Work item ▸
Among the entries below, please repeat exactly and only the lines from the line containing "Village TABOO II" to the line containing "2020 Dodge Challenger Fayetteville GA", both lines included.

Excerpted data ▸
'''
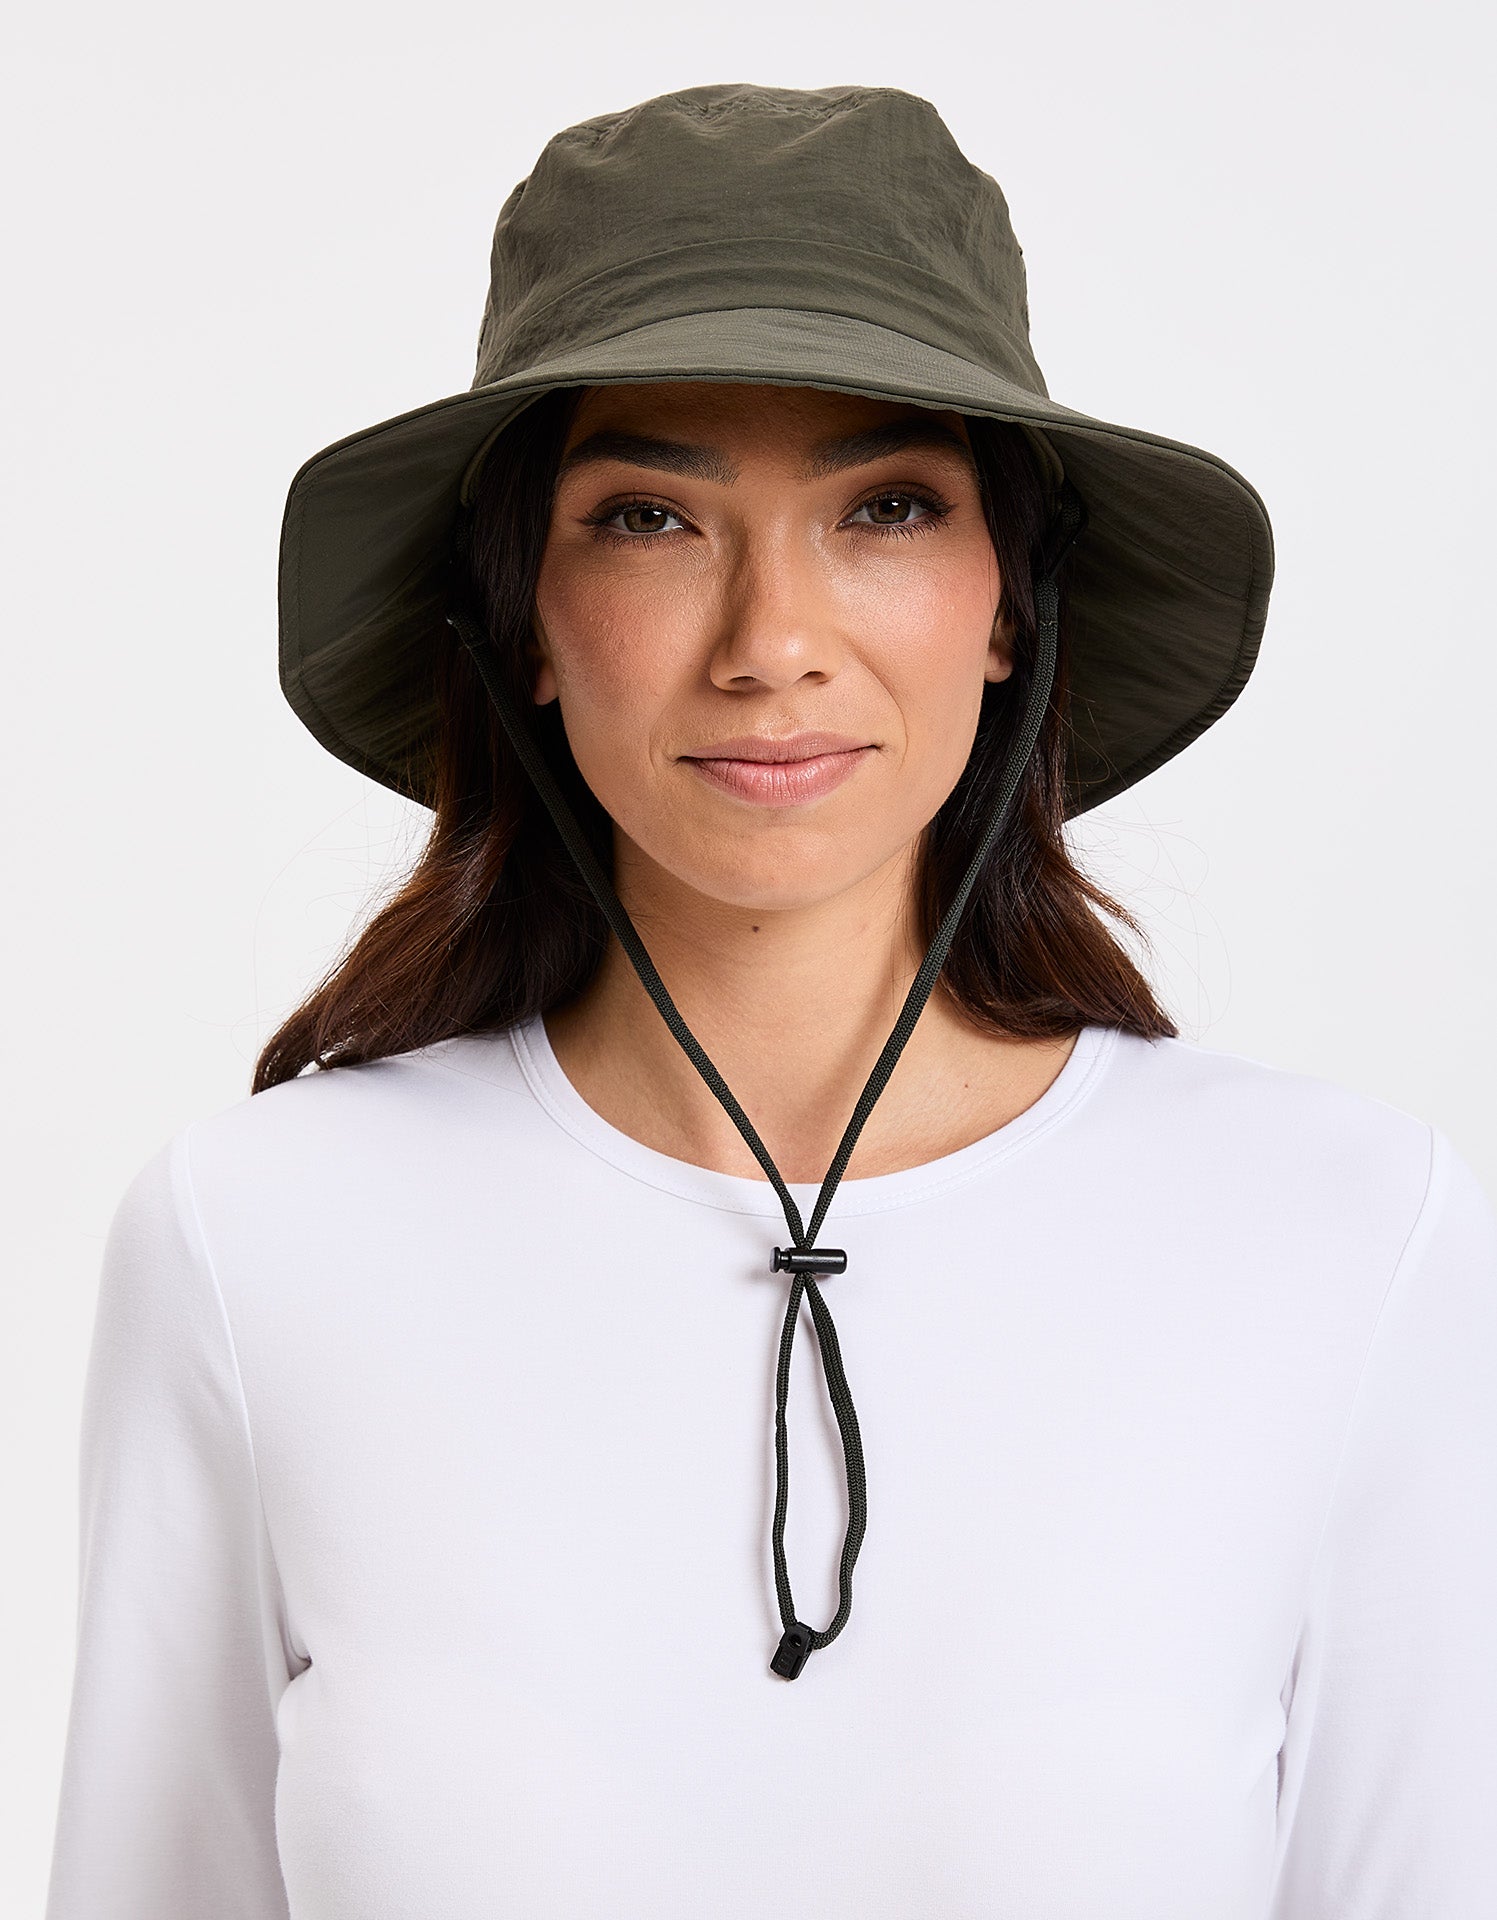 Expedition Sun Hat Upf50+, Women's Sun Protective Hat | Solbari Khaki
'''
'''
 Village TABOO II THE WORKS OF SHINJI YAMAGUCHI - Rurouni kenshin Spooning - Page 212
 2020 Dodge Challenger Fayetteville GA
'''
Exercise solution ▸
 Village TABOO II THE WORKS OF SHINJI YAMAGUCHI - Rurouni kenshin Spooning - Page 212
 2020 Dodge Challenger Fayetteville GA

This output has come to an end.